Ongoing Platforms - $7,500 grants sustaining long-term projects

  • Department of Public Imagination (Crystal Bi Wegner and Dzidzor Azaglo) | Department of Public Imagination is a public art project that designs and prototypes new infrastructures that hold space for imagination work in Boston. Dream activations invite publics to contribute to a living archive by dialing in and leaving a message to shape the future in a Dream Portal Phone Booth. The activations are paired with a live soundscape to encourage rest, reflection, and envisioning. 

  • Leena Ismail, veronique (nico) d'entremont, and Amanda Saunders | When You Cry, Cry Into Yourself: A Shrine to the Martyrs of Palestine is a 250-foot installation comprised of 30,228 thumbprints, made on unfired clay, surrounding a pillow on which visitors can kneel.

  • Jenn Houle | ‘Plant Paint Cross-Pollinate’ (PPCP) is a public art mural project led by artist Jenn Houle that cultivates ‘botanical belonging,’ decolonizes public and private land, and restores ecosystem health with native plants. Through community art and nature workshops, PPCP inspires a cultural shift from echoes of colonization, lawns & imported plants, towards restorative land use with the creation of interspecies habitats for seasonal cycles in a shifting climate.

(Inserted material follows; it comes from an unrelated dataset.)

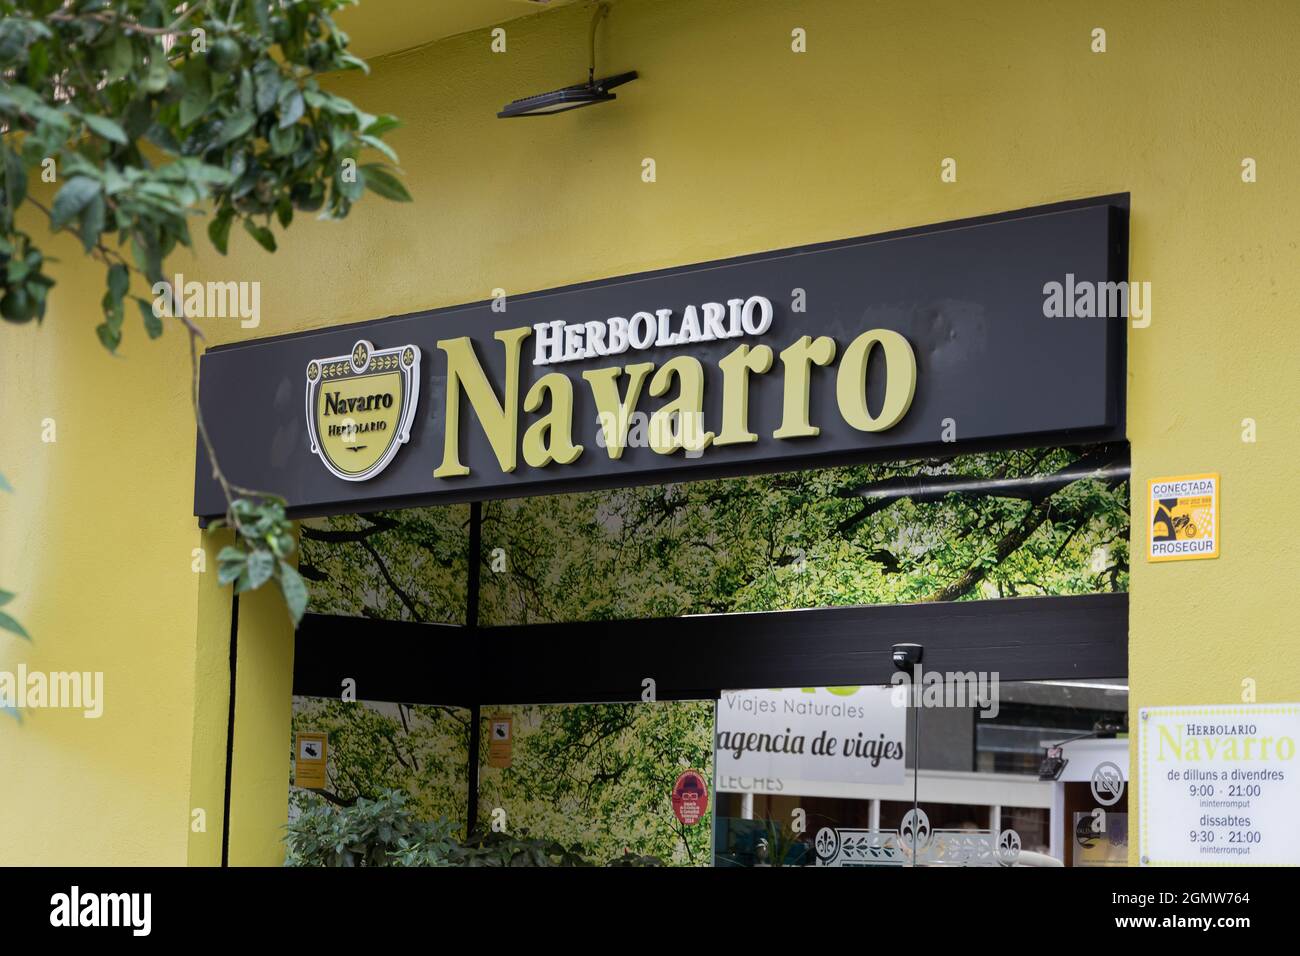 VALENCIA, SPAIN - SEPTEMBER 13, 2021: Herbolario Navarro sells eco, healty, natural products Stock Photo
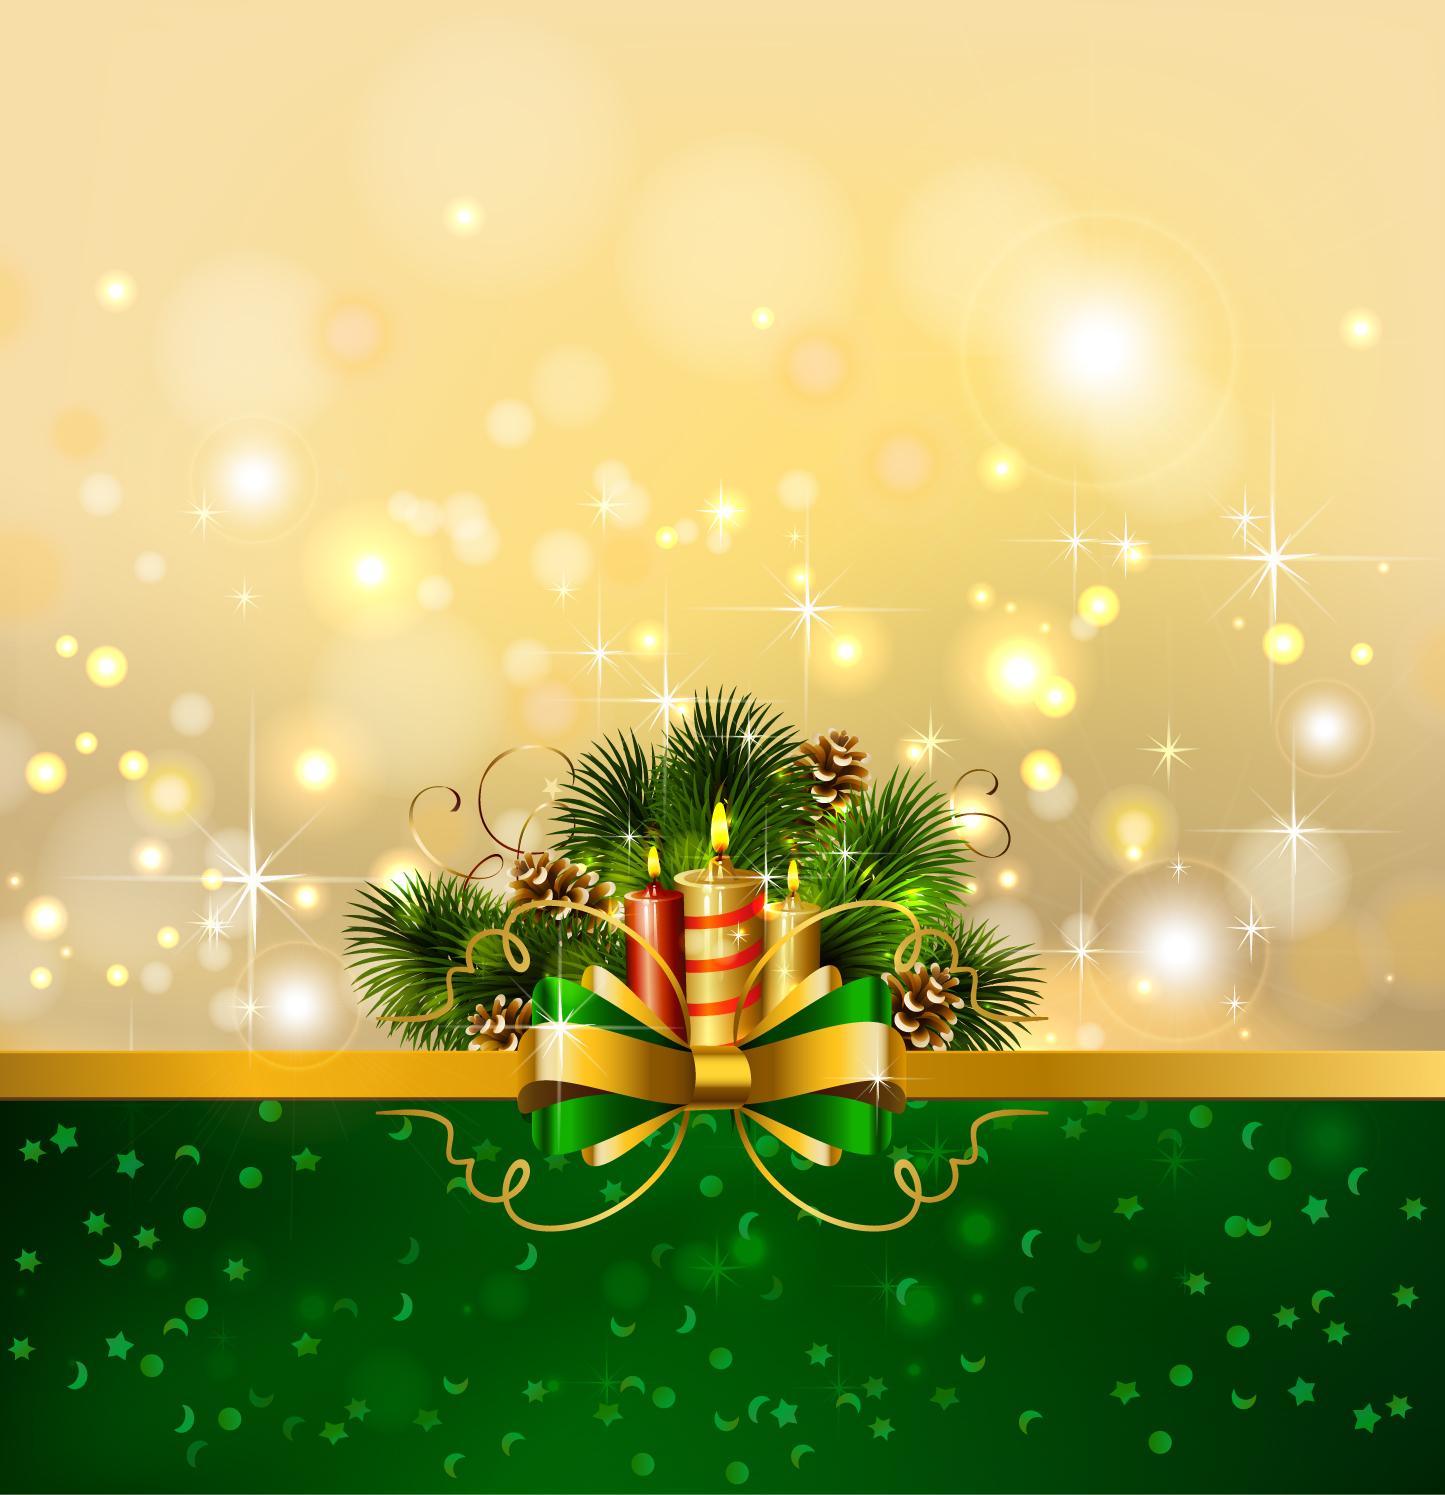 Christmas Background Image On

  • Sarah Brophy and Tanya Nixon-Silberg | The Climate Monsters Project draws inspiration from the imaginations of Boston Public School kindergarteners as climate change is visualized as mythological monsters that come to life through an illustrated storybook and outdoor Augmented Reality installation. Visualizing the overwhelming subject of climate change as a monster provides a new way to grapple with the immensity of the climate crisis and gives young kids agency in centering themselves as the heroes of their story.

  • Helen Popinchalk and Jay LaCouture | Test Print Tuesday is an event series that celebrates the power of print. Part skill share, part artist talk, and all fun, each week features new artists and new printed content. Participants are invited to come up to a press, pull a print and then print again (and again). Each week new artists add their images into the Test Print Tuesday mix.